20:09 So like everything else in technology, in AI now,
20:13 Virtual Twins, Virtual Companions, simulation, just accelerating,
20:19 advancing so quickly, and obviously agentic frameworks and models are
20:24 developing just as quickly, if not faster.
20:27 What's next?
20:27 What's on the horizon for Dassault Systèmes?
20:30 What are the kinds of things you're thinking about?
20:33 And then if you're game to take it a step further,
20:36 where do you think agentic systems and the idea of virtual coworkers is headed?
20:44 First, I think Dassault Systèmes' strategy is fully
20:46 aligned with the recent NVIDIA announcement about NemoClaw,
20:51 AI-Q, all the the agentic stuff.
20:53 And the rise, in fact, of the long-running autonomous agents.
20:57 And we fully agree on the associated
21:01 industrial challenges— security, compliance, etc.
21:05 And tomorrow, our Virtual Companion—AURA, LEO,
21:07 and MARIE—we believe they will stay awake
21:10 and they will continuously monitor your factory, your project execution,
21:16 your supply chain in real time, and they will proactively optimize it,
21:21 optimize the Virtual Twin without being prompted by a human.
21:26 So it will create, in fact, I think, a closed-loop autonomy.
21:30 And because of our industry world models are grounded in physics,
21:35 I think the agents can use a Virtual Twin as a gym to train themselves.
21:42 So they can run, in fact,
21:44 millions of simulations or design experimentation and present to you,
21:48 to the human, to the engineer, the proven solution.
21:53 And you just have at the end to validate.
21:56 And from that, the Virtual Twin, in fact, becomes a self-evolving asset.
22:01 That gets smarter day after day, in fact.
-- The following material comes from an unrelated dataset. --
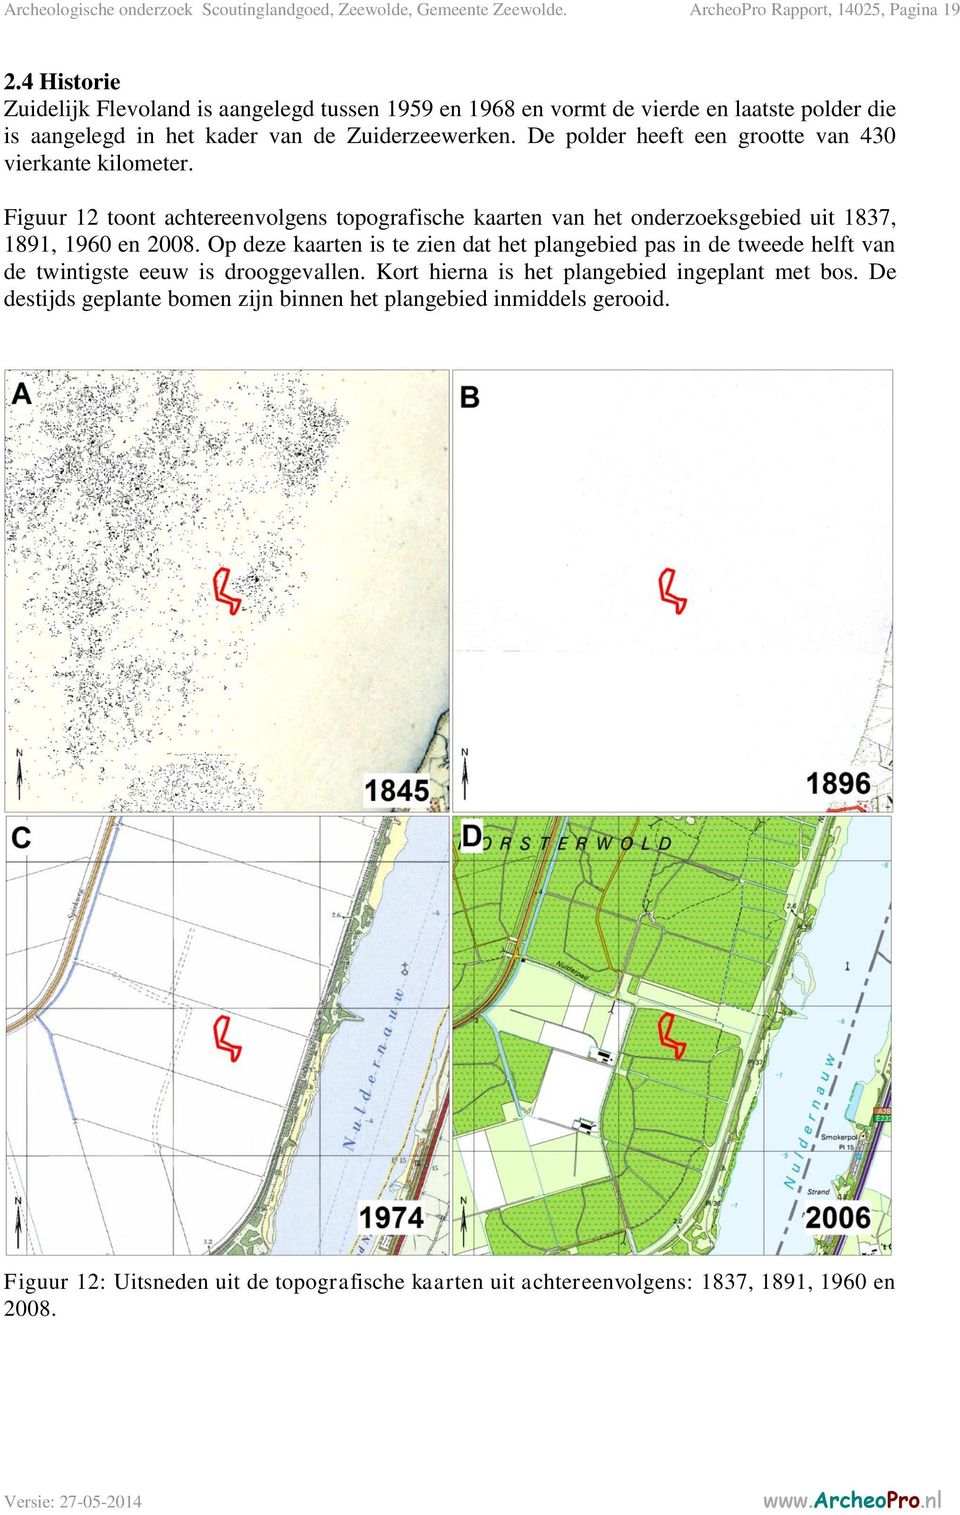 De polder heeft een grootte van 430 vierkante kilometer. Figuur 12 toont achtereenvolgens topografische kaarten van het onderzoeksgebied uit 1837, 1891, 1960 en 2008.
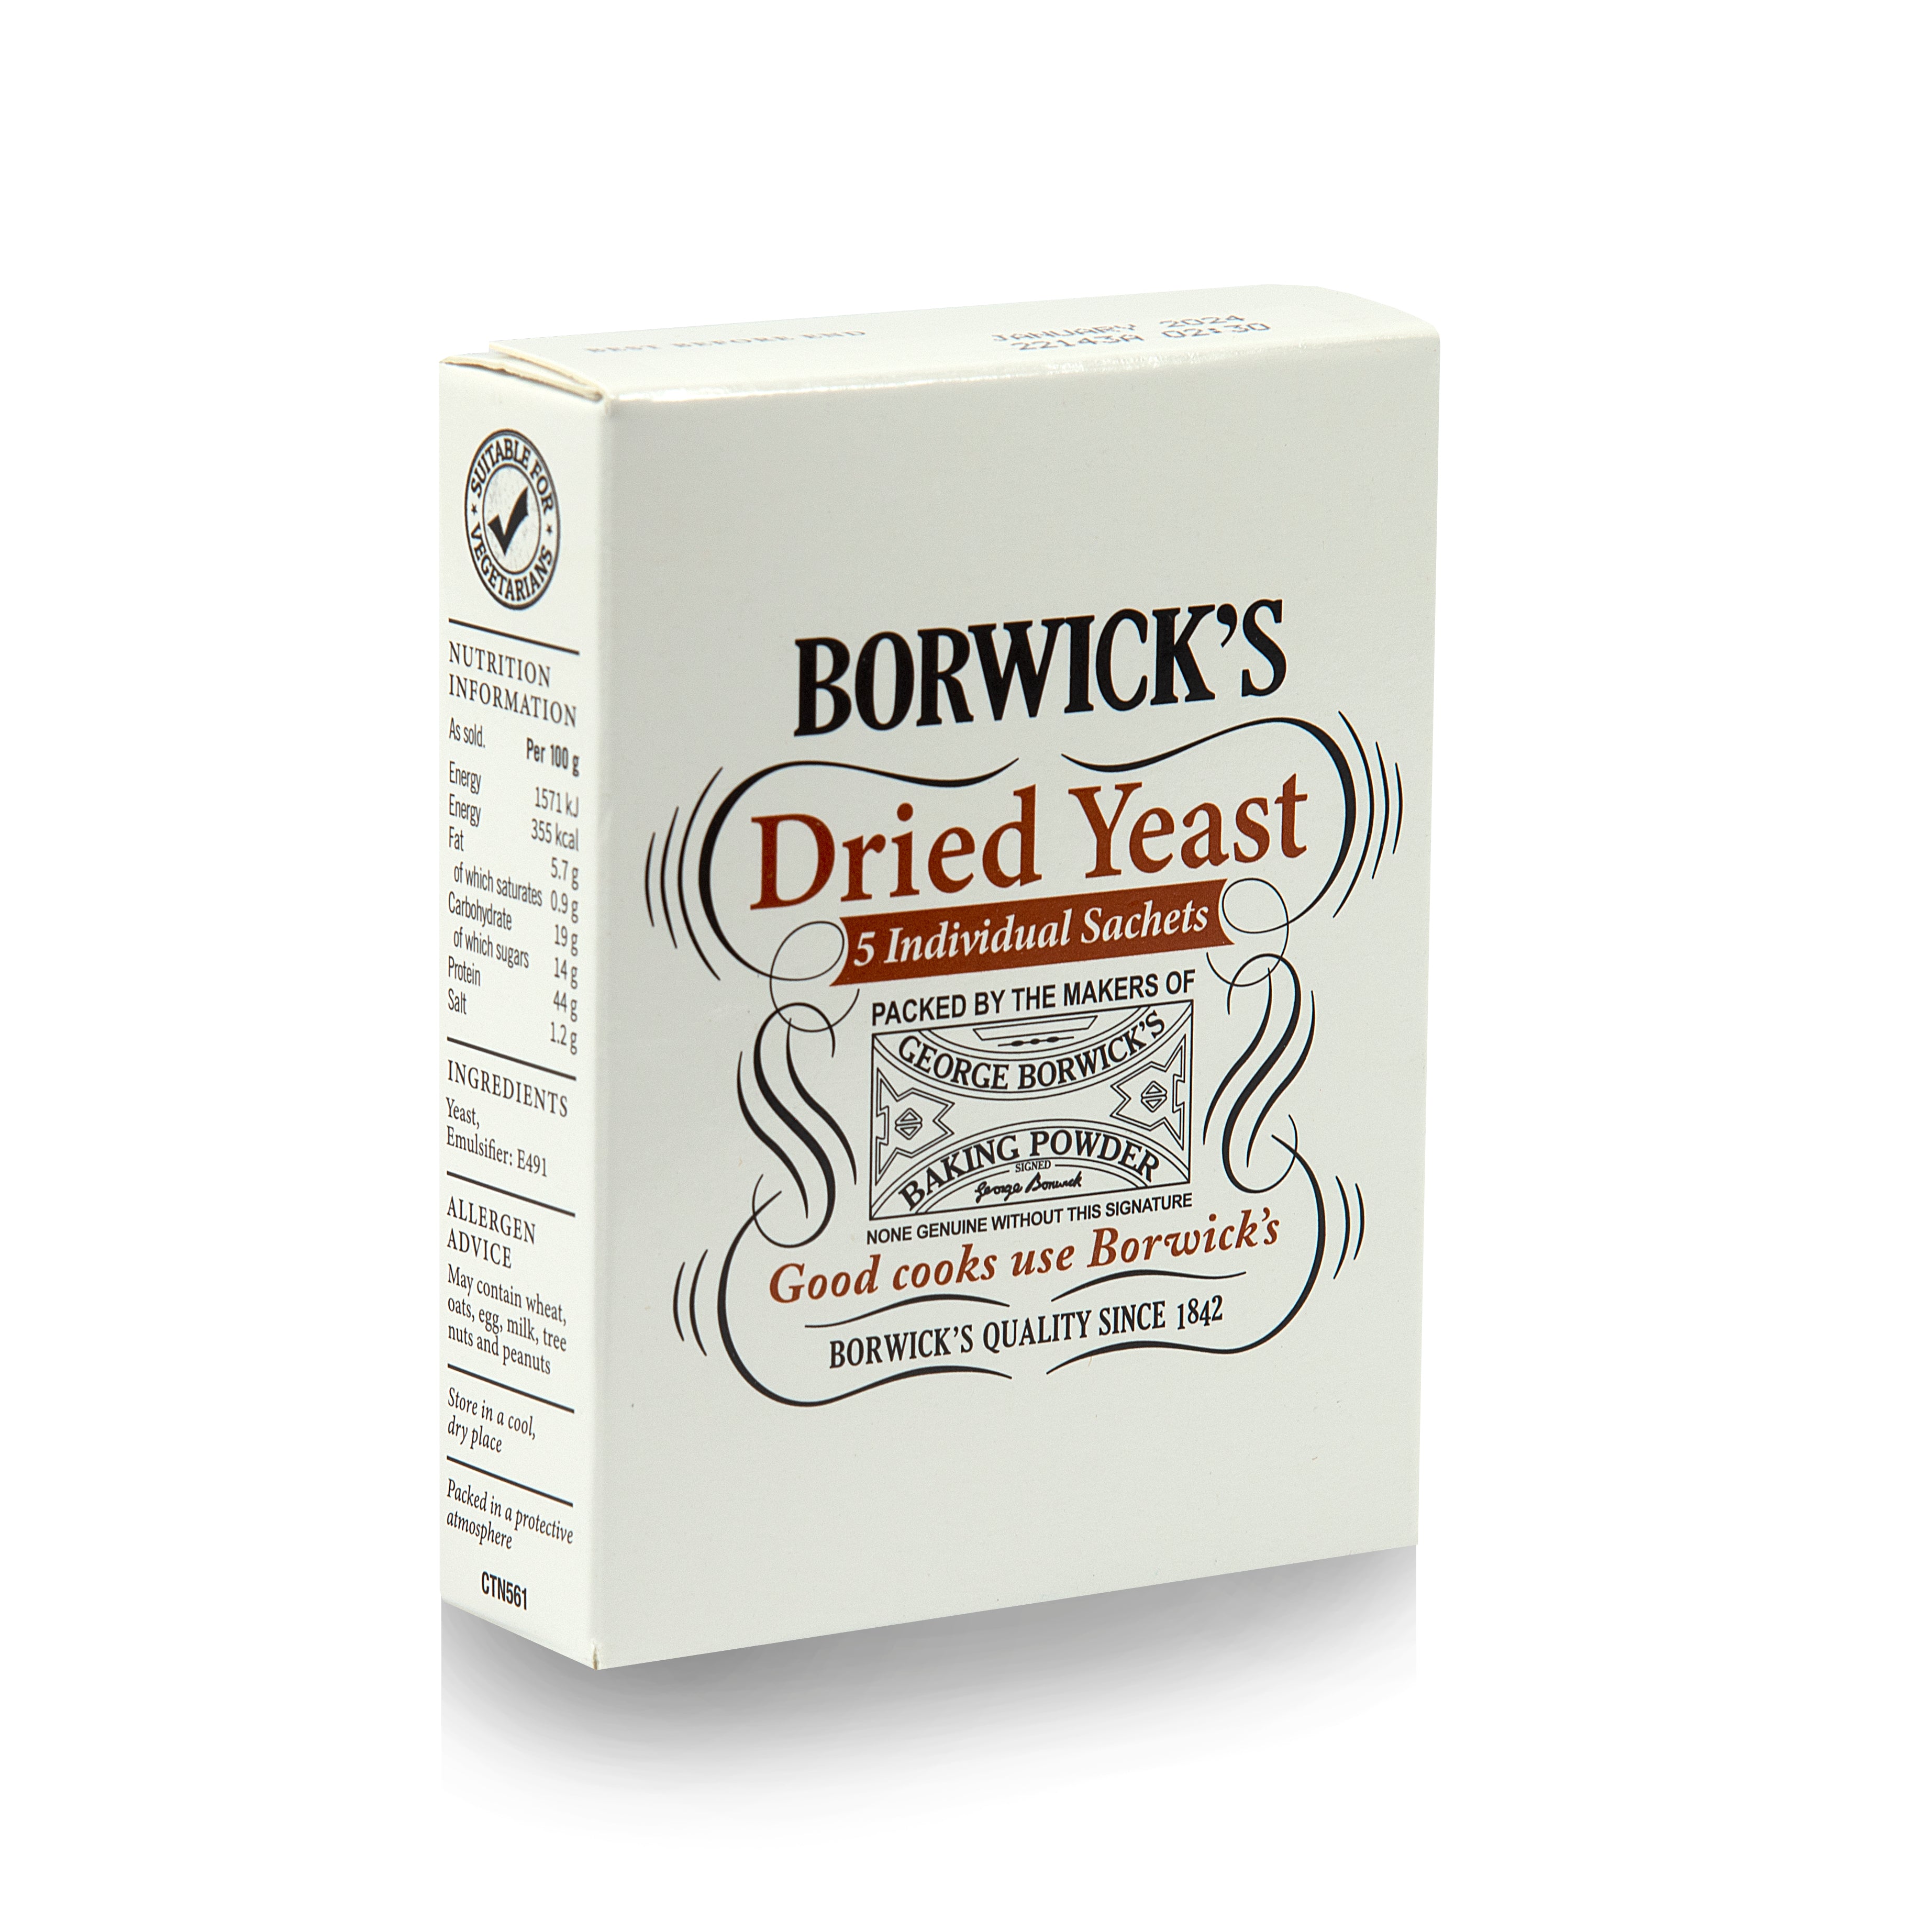 Borwick's Dried Yeast 30g - Pack of 6

22:05 Nicolas, there's so much going on.
22:08 For listeners who want to learn more,
22:09 want to learn more about the 3DEXPERIENCE platform,
22:12 about Dassault's work with everything we've talked about,
22:16 Virtual Companions and industry world models, where's a good place to go?
22:20 The Dassault website?
22:22 Social media?
22:23 Are there research papers?
22:25 Where can listeners go to learn more?
22:28 Mainly on the Dassault Systèmes website, 3ds.com, or on our LinkedIn page,
22:32 where we are communicating more and more on AI.
22:36 Thanks also to the NVIDIA collaboration,
22:38 we are posting more and more about what we are doing.
22:43 So, yeah, perfect.
22:45 Yeah, that's free and connect with us.
22:48 Excellent.
22:48 Well, Nicolas, again, congratulations on all the work and thank
22:52 you for the years of collaboration with NVIDIA.
22:54 Thank you.
22:55 And best of luck in everything you're doing.
22:57 Thank you to NVIDIA, to the team, the incredible team.